A single markdown file — instructions that program the AI for one task.
skills/
my-skill/
SKILL.md
The distribution package — bundles skills together, optionally with code, MCP servers, agents, and hooks.
plugin/
.claude-plugin/plugin.json
commands/
skills/
agents/
references/
scripts/
src/
---
name: design-for-ai
description: >
Visual design principles from
Design for Hackers. Use when
building or improving UI/frontend
design — choosing fonts, building
color systems, establishing design
direction, auditing existing designs,
or polishing before shipping.
user-invocable: true
argument-hint: "[design|fonts|color|audit|polish]"
---
The description does the most work.
It's the only part always in the agent's context. It determines whether the skill triggers at all.
Standard fields: name, description
Claude Code extensions: when_to_use, argument-hint, user-invocable, model, context, hooks, paths, allowed-tools
Eight patterns. Which one are you building?
One entry point, many handlers. The routing table maps natural language to structured tool calls.
ado:ask routes 30+ operations across 4 MCP tools:
## Routing
Parse the user's intent and call the matching tool.

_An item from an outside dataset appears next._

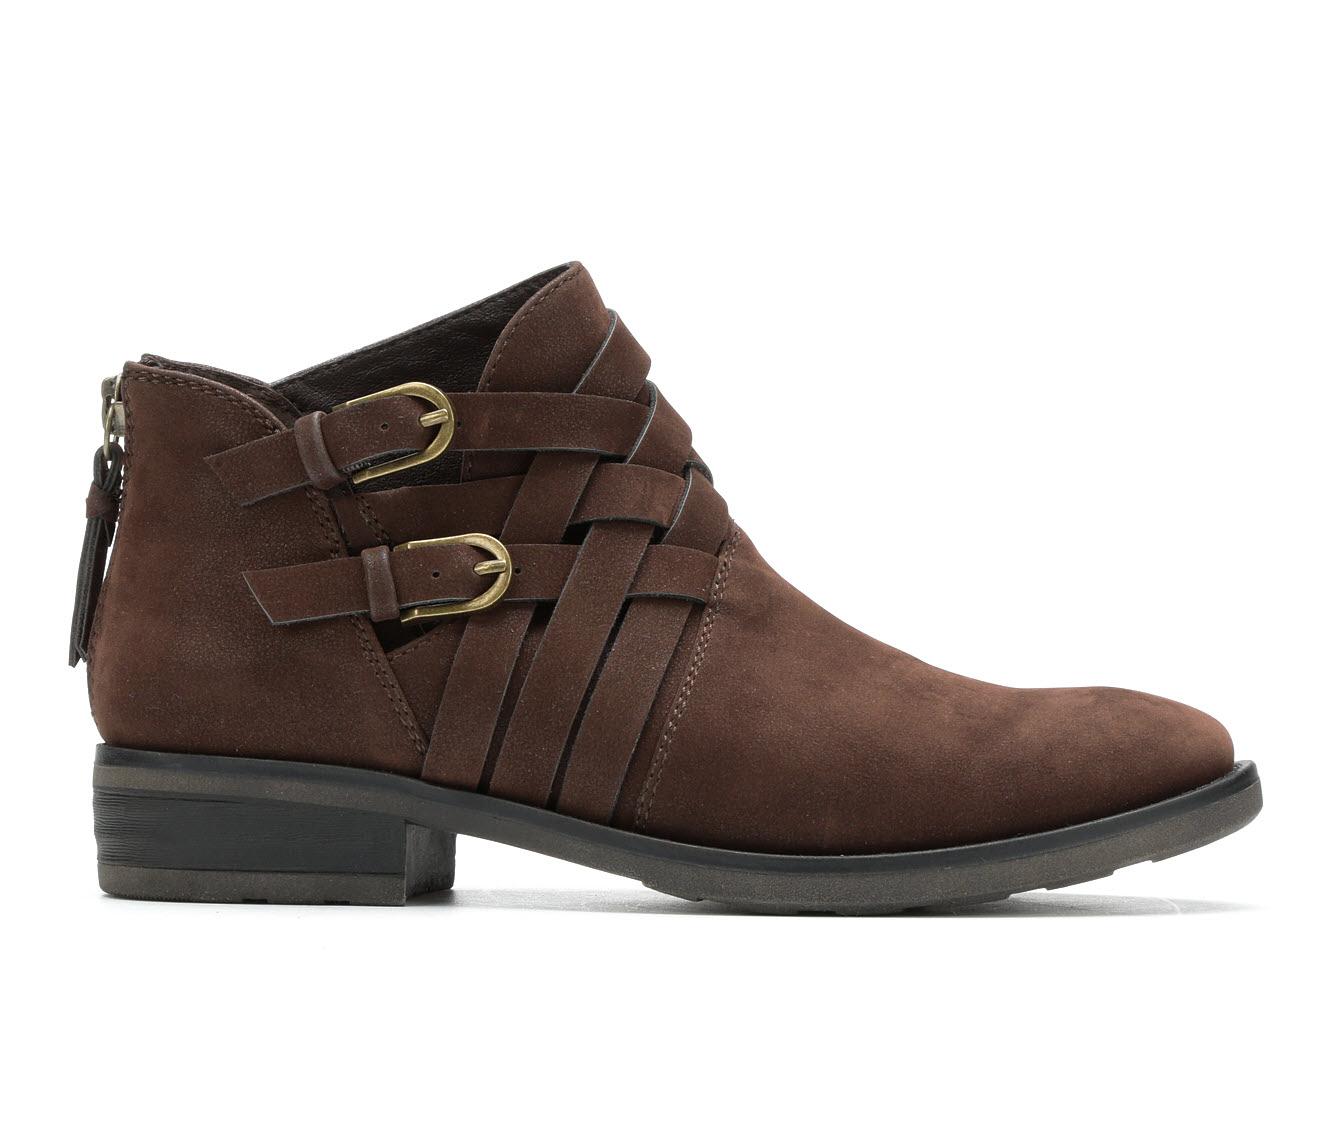 Baretraps Atticus Women's Boot (Brown Faux Leather)

| User intent | Tool | Action | Args | Flags |
|--------------------------|-----------------|-----------|--------------|--------------------------------|
| Show work item 12345 | `ado_boards` | `show` | `["12345"]` | |
| My work items | `ado_boards` | `mine` | `[]` | |
| Search for "login bug" | `ado_boards` | `search` | `["login…"]` | |
| Create a bug | `ado_boards` | `create` | `[]` | `--type Bug --title "desc"` |
| List pipelines | `ado_pipelines` | `list` | `[]` | |
| Trigger a pipeline | `ado_pipelines` | `run` | `["pipe-id"]`| `--branch main` |
| Read wiki page | `ado_wiki` | `read` | `["name",…]` | |
## Critical Rules
**Write operations require user confirmation before calling the tool.**
- `ado_boards`: create, update, link, bulk-update
- `ado_pipelines`: run, cancel
- `ado_wiki`: create, update, delete
30+ operations across 4 MCP tools, all sharing one interface: { action, args, flags }
Tasks aren't tracking here. They're enforcement. build creates every phase task upfront with dependency chains, then the execution loop is state-locked. Nothing moves until the predecessor completes.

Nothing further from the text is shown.